> **Exercise instructions**
The lines in the listing below are to be given again exactly, starting at the line holding "young woman licking" and ending at the line holding "Prayer for the protection of my business". Do not include pictures.

> **Source records**
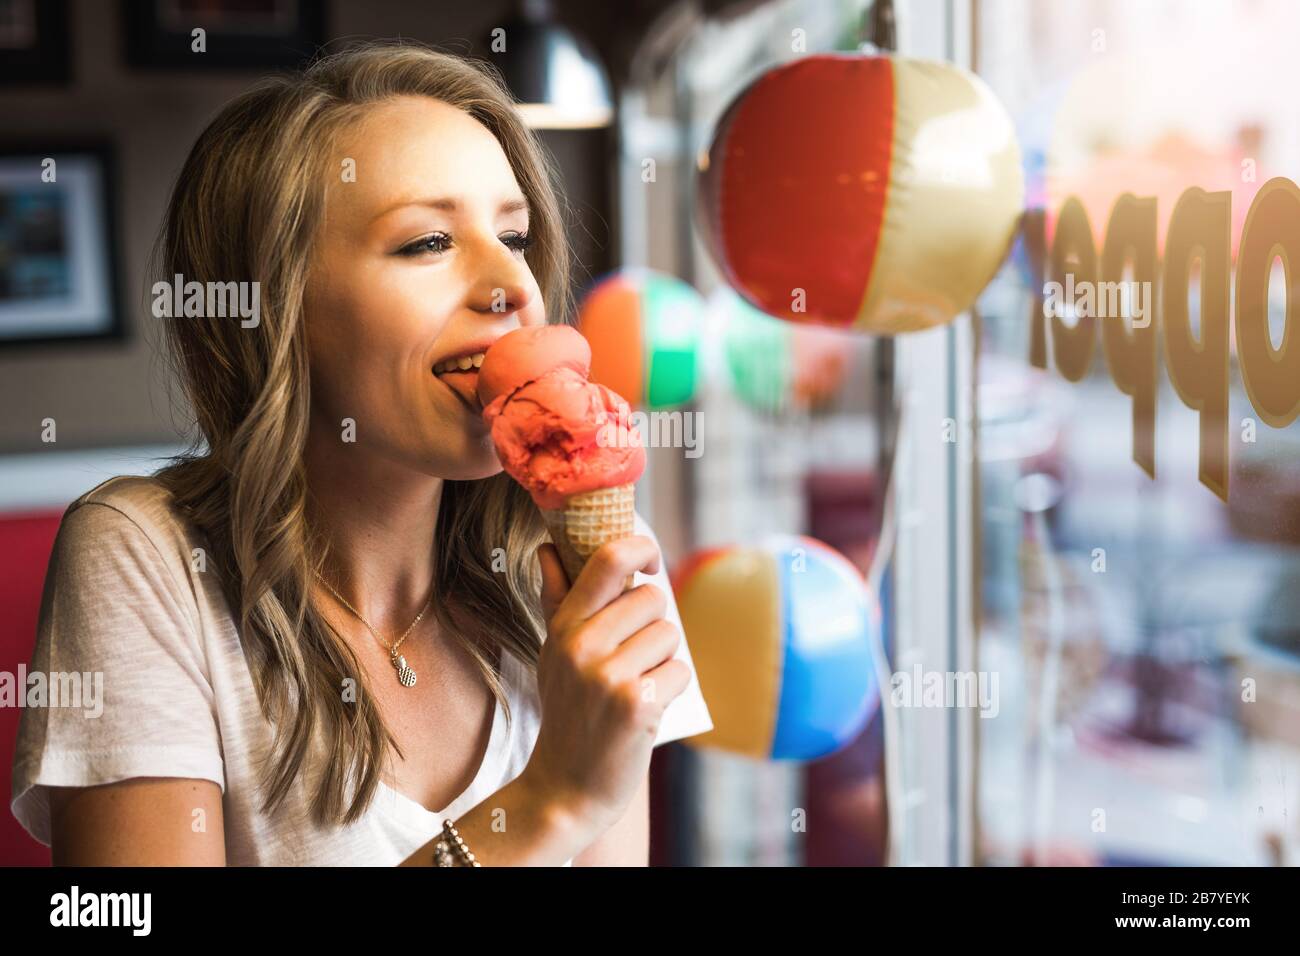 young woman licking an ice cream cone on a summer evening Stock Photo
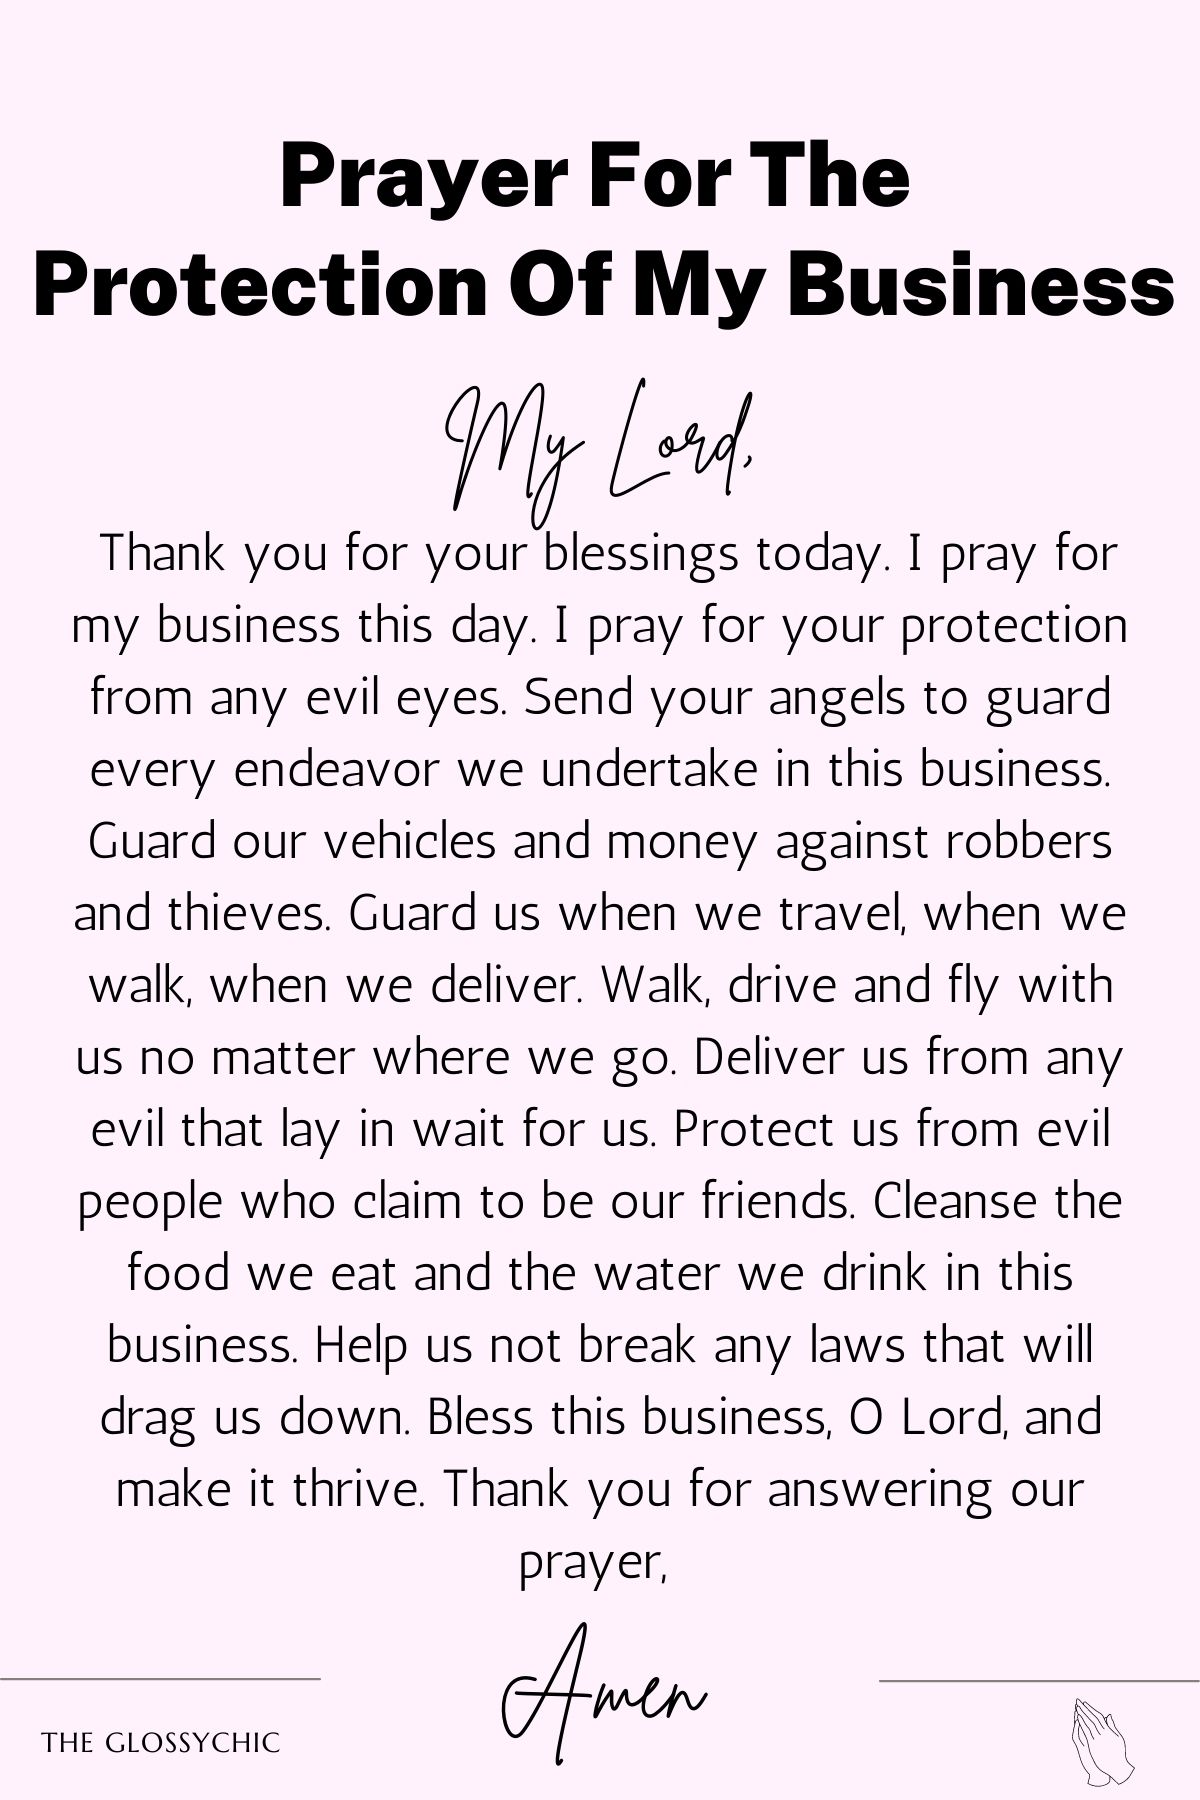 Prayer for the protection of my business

---

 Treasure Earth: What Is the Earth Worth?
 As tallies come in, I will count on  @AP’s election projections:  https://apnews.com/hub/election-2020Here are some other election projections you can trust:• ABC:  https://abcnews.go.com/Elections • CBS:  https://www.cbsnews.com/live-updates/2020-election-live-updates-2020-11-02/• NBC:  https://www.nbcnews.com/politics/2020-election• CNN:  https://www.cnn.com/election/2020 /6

> **Solved problem**
 young woman licking an ice cream cone on a summer evening Stock Photo
 Prayer for the protection of my business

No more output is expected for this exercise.